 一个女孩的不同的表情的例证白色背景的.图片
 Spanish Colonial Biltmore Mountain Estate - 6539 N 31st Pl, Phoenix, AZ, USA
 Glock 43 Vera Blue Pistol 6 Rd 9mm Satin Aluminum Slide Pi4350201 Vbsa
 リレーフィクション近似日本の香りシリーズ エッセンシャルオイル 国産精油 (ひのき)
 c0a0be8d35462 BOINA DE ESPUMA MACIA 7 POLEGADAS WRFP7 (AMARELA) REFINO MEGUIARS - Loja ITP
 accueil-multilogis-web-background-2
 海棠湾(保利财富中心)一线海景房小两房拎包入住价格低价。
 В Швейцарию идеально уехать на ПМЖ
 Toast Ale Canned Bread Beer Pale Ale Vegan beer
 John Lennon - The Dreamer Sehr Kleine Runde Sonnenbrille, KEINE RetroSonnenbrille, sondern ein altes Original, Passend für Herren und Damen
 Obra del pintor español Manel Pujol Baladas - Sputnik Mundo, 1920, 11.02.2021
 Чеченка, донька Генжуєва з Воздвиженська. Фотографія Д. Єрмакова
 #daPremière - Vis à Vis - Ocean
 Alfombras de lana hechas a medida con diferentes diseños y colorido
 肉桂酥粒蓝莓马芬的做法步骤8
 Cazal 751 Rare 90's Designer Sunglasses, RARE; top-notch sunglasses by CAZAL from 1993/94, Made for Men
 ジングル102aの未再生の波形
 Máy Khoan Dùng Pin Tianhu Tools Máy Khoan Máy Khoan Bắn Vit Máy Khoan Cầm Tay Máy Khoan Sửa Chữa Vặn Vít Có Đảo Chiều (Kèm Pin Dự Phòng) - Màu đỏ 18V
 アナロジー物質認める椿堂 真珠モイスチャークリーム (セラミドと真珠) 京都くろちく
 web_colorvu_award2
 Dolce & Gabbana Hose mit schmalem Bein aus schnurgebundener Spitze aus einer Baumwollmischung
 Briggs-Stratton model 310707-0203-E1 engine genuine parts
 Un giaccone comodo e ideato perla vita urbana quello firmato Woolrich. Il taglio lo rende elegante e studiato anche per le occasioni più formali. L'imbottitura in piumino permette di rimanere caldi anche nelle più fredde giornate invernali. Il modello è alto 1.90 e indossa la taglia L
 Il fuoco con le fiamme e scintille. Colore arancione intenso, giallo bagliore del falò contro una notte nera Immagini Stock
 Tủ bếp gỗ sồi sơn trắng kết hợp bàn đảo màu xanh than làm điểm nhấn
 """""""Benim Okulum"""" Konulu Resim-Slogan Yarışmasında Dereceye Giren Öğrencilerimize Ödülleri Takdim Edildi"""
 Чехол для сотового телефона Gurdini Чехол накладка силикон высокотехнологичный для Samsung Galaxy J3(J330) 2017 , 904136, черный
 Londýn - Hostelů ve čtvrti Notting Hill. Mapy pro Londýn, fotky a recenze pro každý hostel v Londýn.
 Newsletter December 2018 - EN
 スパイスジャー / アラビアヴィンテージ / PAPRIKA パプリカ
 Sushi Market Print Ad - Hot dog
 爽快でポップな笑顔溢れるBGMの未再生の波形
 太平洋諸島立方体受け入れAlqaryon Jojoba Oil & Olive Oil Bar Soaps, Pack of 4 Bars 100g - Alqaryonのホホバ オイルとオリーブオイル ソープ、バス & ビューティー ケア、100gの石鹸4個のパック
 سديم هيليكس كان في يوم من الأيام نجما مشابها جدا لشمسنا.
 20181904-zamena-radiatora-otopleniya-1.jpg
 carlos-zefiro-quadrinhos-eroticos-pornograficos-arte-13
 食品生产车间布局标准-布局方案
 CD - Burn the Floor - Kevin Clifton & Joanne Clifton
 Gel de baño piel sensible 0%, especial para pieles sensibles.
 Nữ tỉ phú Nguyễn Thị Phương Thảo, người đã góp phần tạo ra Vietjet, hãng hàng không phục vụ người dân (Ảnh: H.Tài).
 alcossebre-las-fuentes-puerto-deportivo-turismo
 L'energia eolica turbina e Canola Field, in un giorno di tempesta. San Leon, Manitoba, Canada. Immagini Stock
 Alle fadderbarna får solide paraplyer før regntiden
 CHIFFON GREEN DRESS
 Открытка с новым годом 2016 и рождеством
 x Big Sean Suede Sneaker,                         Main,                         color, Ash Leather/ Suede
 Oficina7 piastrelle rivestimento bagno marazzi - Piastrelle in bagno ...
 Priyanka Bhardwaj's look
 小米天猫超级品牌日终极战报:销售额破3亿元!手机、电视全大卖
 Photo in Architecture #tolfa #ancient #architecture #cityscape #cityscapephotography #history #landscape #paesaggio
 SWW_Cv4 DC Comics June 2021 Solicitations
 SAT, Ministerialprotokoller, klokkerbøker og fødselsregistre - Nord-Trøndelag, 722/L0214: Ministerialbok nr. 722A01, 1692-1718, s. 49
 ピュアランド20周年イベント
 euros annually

━━━━━━━━━━━━━━━━━━━━━━━━━━━━━━

### Exercise description
All of the material must appear again, exactly as given.

### Result
 一个女孩的不同的表情的例证白色背景的.图片
 Spanish Colonial Biltmore Mountain Estate - 6539 N 31st Pl, Phoenix, AZ, USA
 Glock 43 Vera Blue Pistol 6 Rd 9mm Satin Aluminum Slide Pi4350201 Vbsa
 リレーフィクション近似日本の香りシリーズ エッセンシャルオイル 国産精油 (ひのき)
 c0a0be8d35462 BOINA DE ESPUMA MACIA 7 POLEGADAS WRFP7 (AMARELA) REFINO MEGUIARS - Loja ITP
 accueil-multilogis-web-background-2
 海棠湾(保利财富中心)一线海景房小两房拎包入住价格低价。
 В Швейцарию идеально уехать на ПМЖ
 Toast Ale Canned Bread Beer Pale Ale Vegan beer
 John Lennon - The Dreamer Sehr Kleine Runde Sonnenbrille, KEINE RetroSonnenbrille, sondern ein altes Original, Passend für Herren und Damen
 Obra del pintor español Manel Pujol Baladas - Sputnik Mundo, 1920, 11.02.2021
 Чеченка, донька Генжуєва з Воздвиженська. Фотографія Д. Єрмакова
 #daPremière - Vis à Vis - Ocean
 Alfombras de lana hechas a medida con diferentes diseños y colorido
 肉桂酥粒蓝莓马芬的做法步骤8
 Cazal 751 Rare 90's Designer Sunglasses, RARE; top-notch sunglasses by CAZAL from 1993/94, Made for Men
 ジングル102aの未再生の波形
 Máy Khoan Dùng Pin Tianhu Tools Máy Khoan Máy Khoan Bắn Vit Máy Khoan Cầm Tay Máy Khoan Sửa Chữa Vặn Vít Có Đảo Chiều (Kèm Pin Dự Phòng) - Màu đỏ 18V
 アナロジー物質認める椿堂 真珠モイスチャークリーム (セラミドと真珠) 京都くろちく
 web_colorvu_award2
 Dolce & Gabbana Hose mit schmalem Bein aus schnurgebundener Spitze aus einer Baumwollmischung
 Briggs-Stratton model 310707-0203-E1 engine genuine parts
 Un giaccone comodo e ideato perla vita urbana quello firmato Woolrich. Il taglio lo rende elegante e studiato anche per le occasioni più formali. L'imbottitura in piumino permette di rimanere caldi anche nelle più fredde giornate invernali. Il modello è alto 1.90 e indossa la taglia L
 Il fuoco con le fiamme e scintille. Colore arancione intenso, giallo bagliore del falò contro una notte nera Immagini Stock
 Tủ bếp gỗ sồi sơn trắng kết hợp bàn đảo màu xanh than làm điểm nhấn
 """""""Benim Okulum"""" Konulu Resim-Slogan Yarışmasında Dereceye Giren Öğrencilerimize Ödülleri Takdim Edildi"""
 Чехол для сотового телефона Gurdini Чехол накладка силикон высокотехнологичный для Samsung Galaxy J3(J330) 2017 , 904136, черный
 Londýn - Hostelů ve čtvrti Notting Hill. Mapy pro Londýn, fotky a recenze pro každý hostel v Londýn.
 Newsletter December 2018 - EN
 スパイスジャー / アラビアヴィンテージ / PAPRIKA パプリカ
 Sushi Market Print Ad - Hot dog
 爽快でポップな笑顔溢れるBGMの未再生の波形
 太平洋諸島立方体受け入れAlqaryon Jojoba Oil & Olive Oil Bar Soaps, Pack of 4 Bars 100g - Alqaryonのホホバ オイルとオリーブオイル ソープ、バス & ビューティー ケア、100gの石鹸4個のパック
 سديم هيليكس كان في يوم من الأيام نجما مشابها جدا لشمسنا.
 20181904-zamena-radiatora-otopleniya-1.jpg
 carlos-zefiro-quadrinhos-eroticos-pornograficos-arte-13
 食品生产车间布局标准-布局方案
 CD - Burn the Floor - Kevin Clifton & Joanne Clifton
 Gel de baño piel sensible 0%, especial para pieles sensibles.
 Nữ tỉ phú Nguyễn Thị Phương Thảo, người đã góp phần tạo ra Vietjet, hãng hàng không phục vụ người dân (Ảnh: H.Tài).
 alcossebre-las-fuentes-puerto-deportivo-turismo
 L'energia eolica turbina e Canola Field, in un giorno di tempesta. San Leon, Manitoba, Canada. Immagini Stock
 Alle fadderbarna får solide paraplyer før regntiden
 CHIFFON GREEN DRESS
 Открытка с новым годом 2016 и рождеством
 x Big Sean Suede Sneaker,                         Main,                         color, Ash Leather/ Suede
 Oficina7 piastrelle rivestimento bagno marazzi - Piastrelle in bagno ...
 Priyanka Bhardwaj's look
 小米天猫超级品牌日终极战报:销售额破3亿元!手机、电视全大卖
 Photo in Architecture #tolfa #ancient #architecture #cityscape #cityscapephotography #history #landscape #paesaggio
 SWW_Cv4 DC Comics June 2021 Solicitations
 SAT, Ministerialprotokoller, klokkerbøker og fødselsregistre - Nord-Trøndelag, 722/L0214: Ministerialbok nr. 722A01, 1692-1718, s. 49
 ピュアランド20周年イベント
 euros annually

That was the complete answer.